A relative of Benson's was Benjamin Benson, a Revolutionary War soldier and member of the committee of correspondence. He signed one of the Articles of Association, or "Association Test", which was preliminary to the Declaration of Independence, at Haverstraw, New York, in May 1775. Egbert Benson was the brother of Lieutenant Colonel Robert Benson and Captain Henry Benson, who commanded an armed vessel in the Revolution.

Benson owned slaves; in the 1790 census, he was recorded as having one slave, and in the 1800 census, two slaves.  Despite his personal ownership of slaves, he was involved in the anti-slavery New York Manumission Society.

Political and judicial service

Towards the start of the American Revolutionary War, Benson approved the course of the Sons of Liberty and gave up, in a measure, his professional prospects then brightly opening and devoted himself to his country. He aided the Sons of Liberty, who were in Dutchess County where Benson, as a part of his first efforts, gave proper directions to the political meetings. When the British occupied New York City in 1776, Benson remained in Dutchess County for several years.
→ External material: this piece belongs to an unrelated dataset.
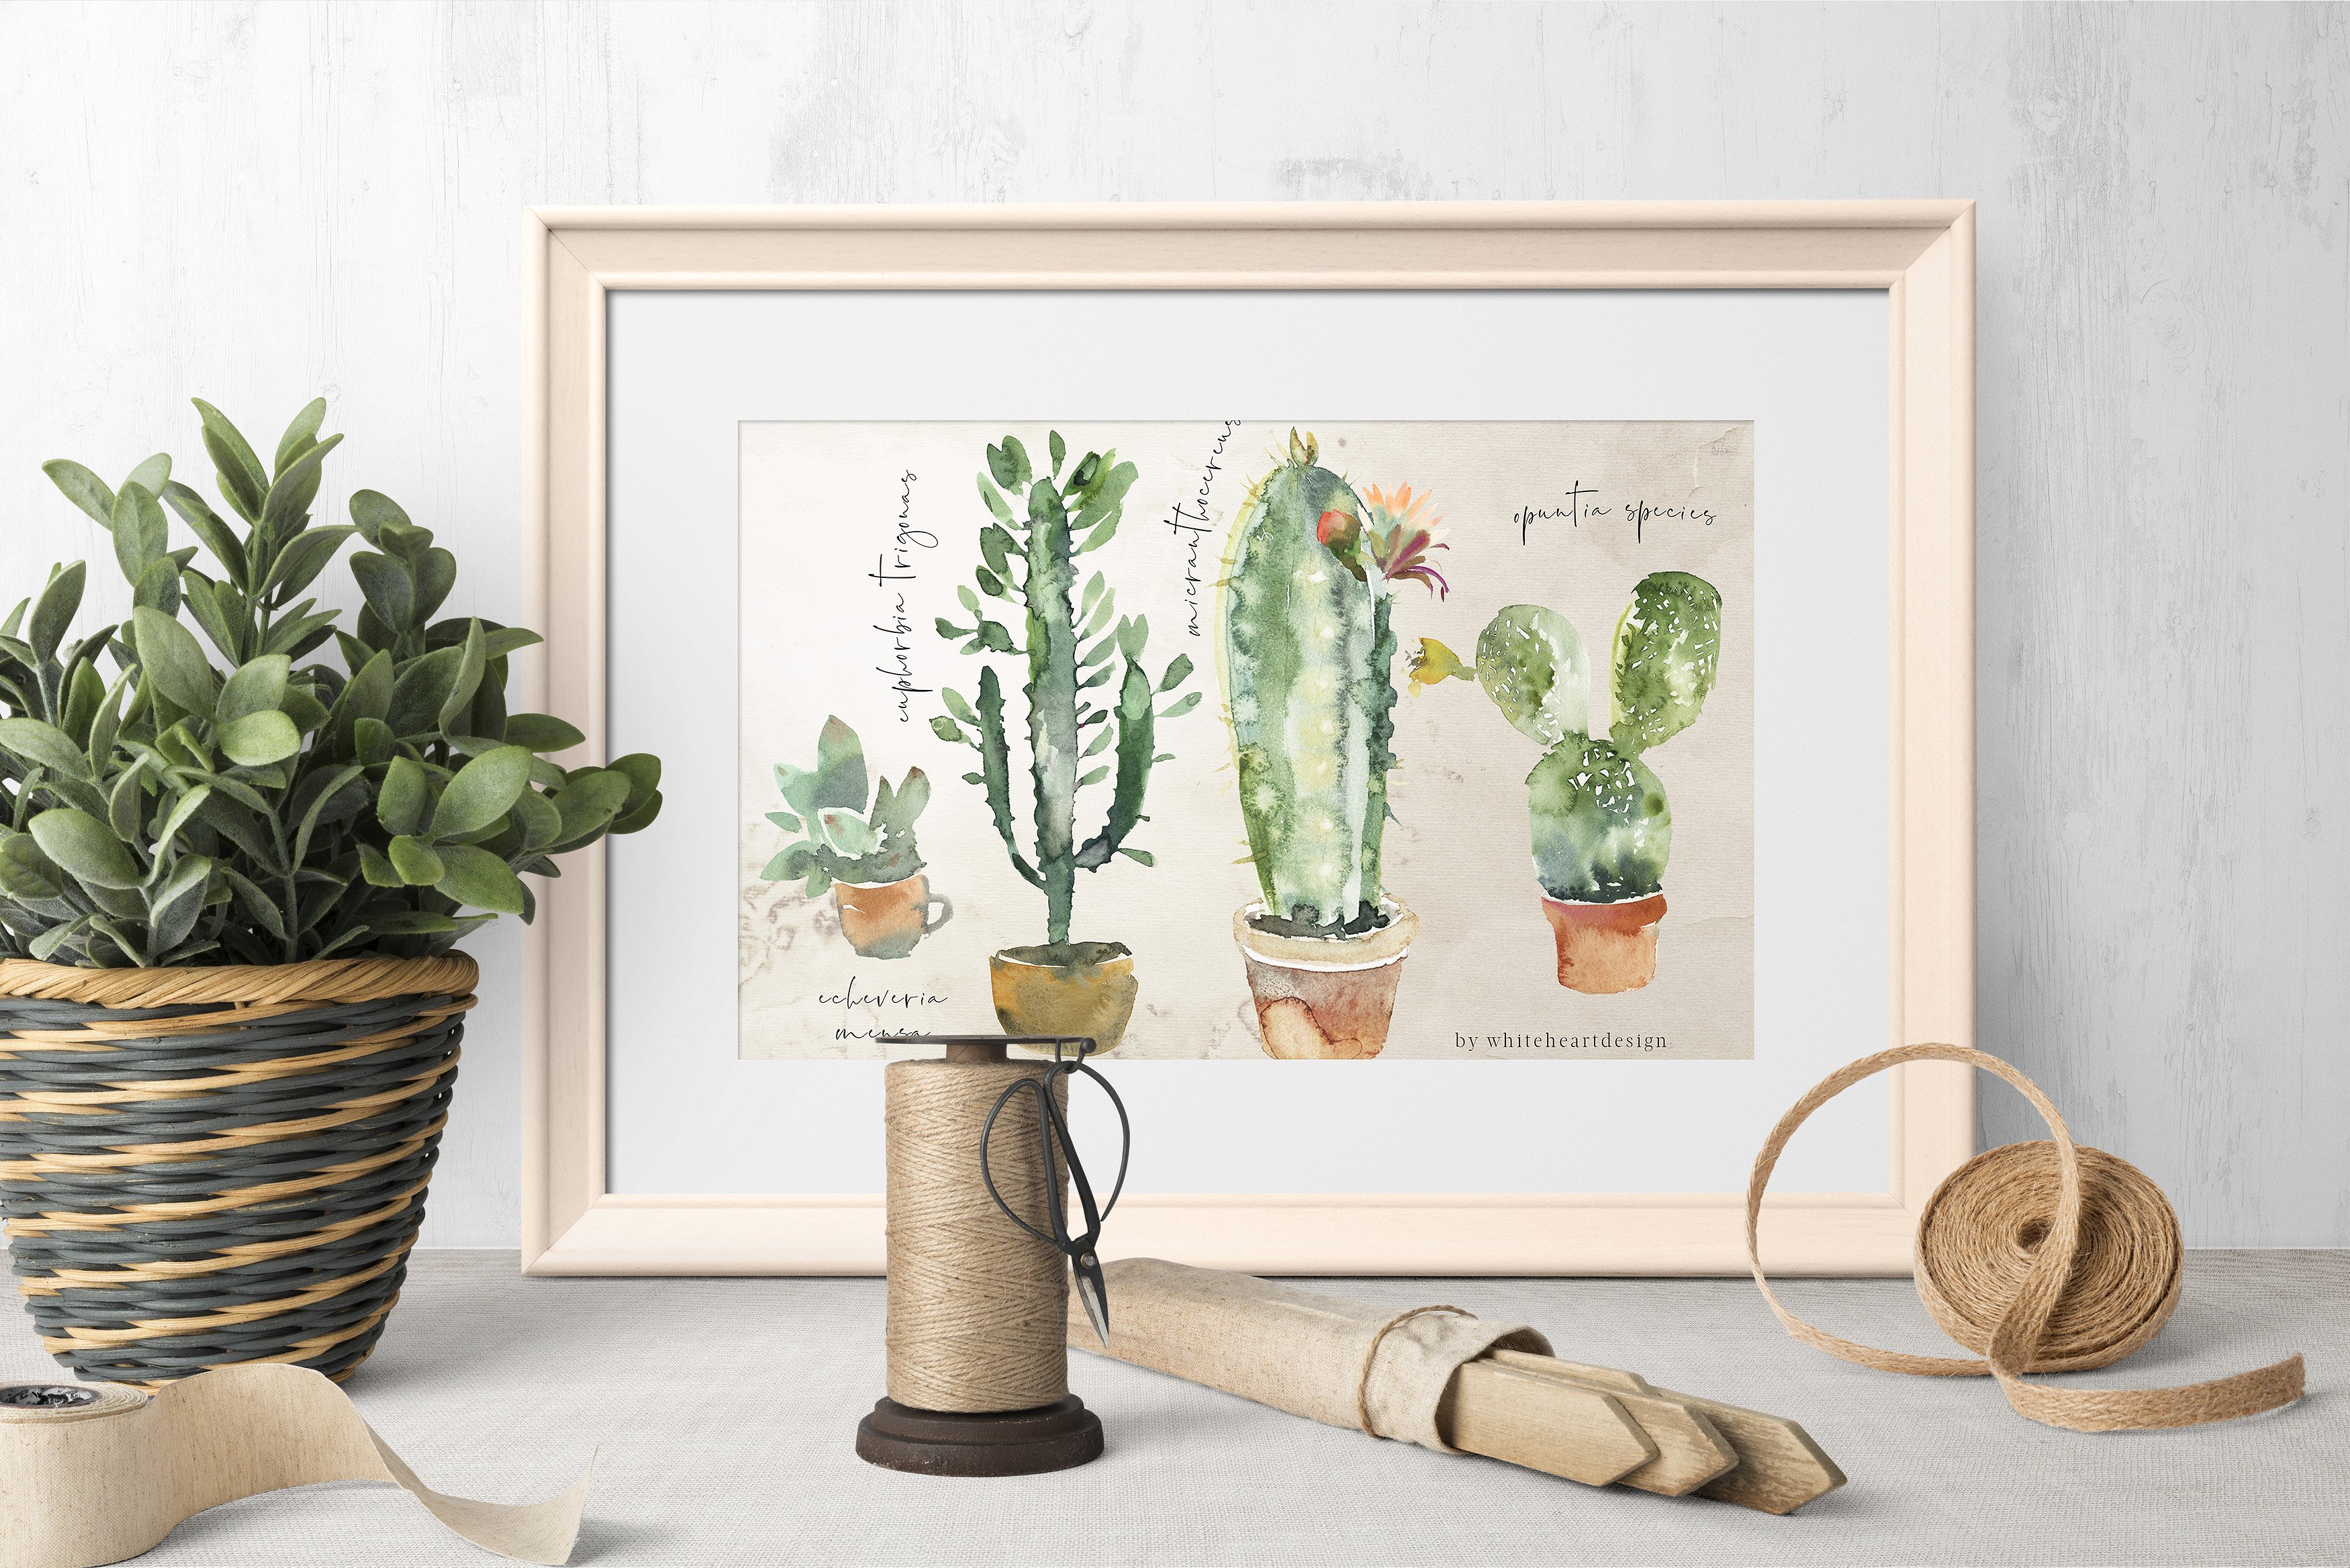 漂亮的手绘仙人掌多肉花卉PNG剪贴画集 Beautiful Hand-Painted Cactus Succulent Flower PNG Clip Art Set插图10

From 1777 to 1781, Benson served as a member of the New York State Assembly and drafted every important bill passed there in during the Revolution. He was also a representative in the Second Continental Congress from 1780, and drew bills organizing the executive department of the United States. The county made him the president of their committee of safety and in 1777 sent him to the revolutionary New York State Assembly. When the first state government was organized, Benson was appointed the first New York attorney general and served until 1788. He was elected to the Assembly annually until 1781 and again in 1788.

New York sent Benson as a delegate to the Continental Congress in 1784. Although he was reappointed in 1785, he did not attend sessions. In 1786, he was named by the Legislature to accompany Alexander Hamilton as a delegate to the Annapolis Convention, which issued a call for the United States Constitutional Convention held the following year. He returned to the Congress in 1787 and 1788, and in 1788 attended the New York state convention that ratified the United States Constitution.

When the new federal government was established, Benson was elected from New York's 3rd congressional district to the United States House of Representatives of the 1st and 2nd United States Congresses, serving from March 4, 1789, to March 3, 1793. In 1794, Benson was appointed a justice of the New York Supreme Court, a position he held until 1801.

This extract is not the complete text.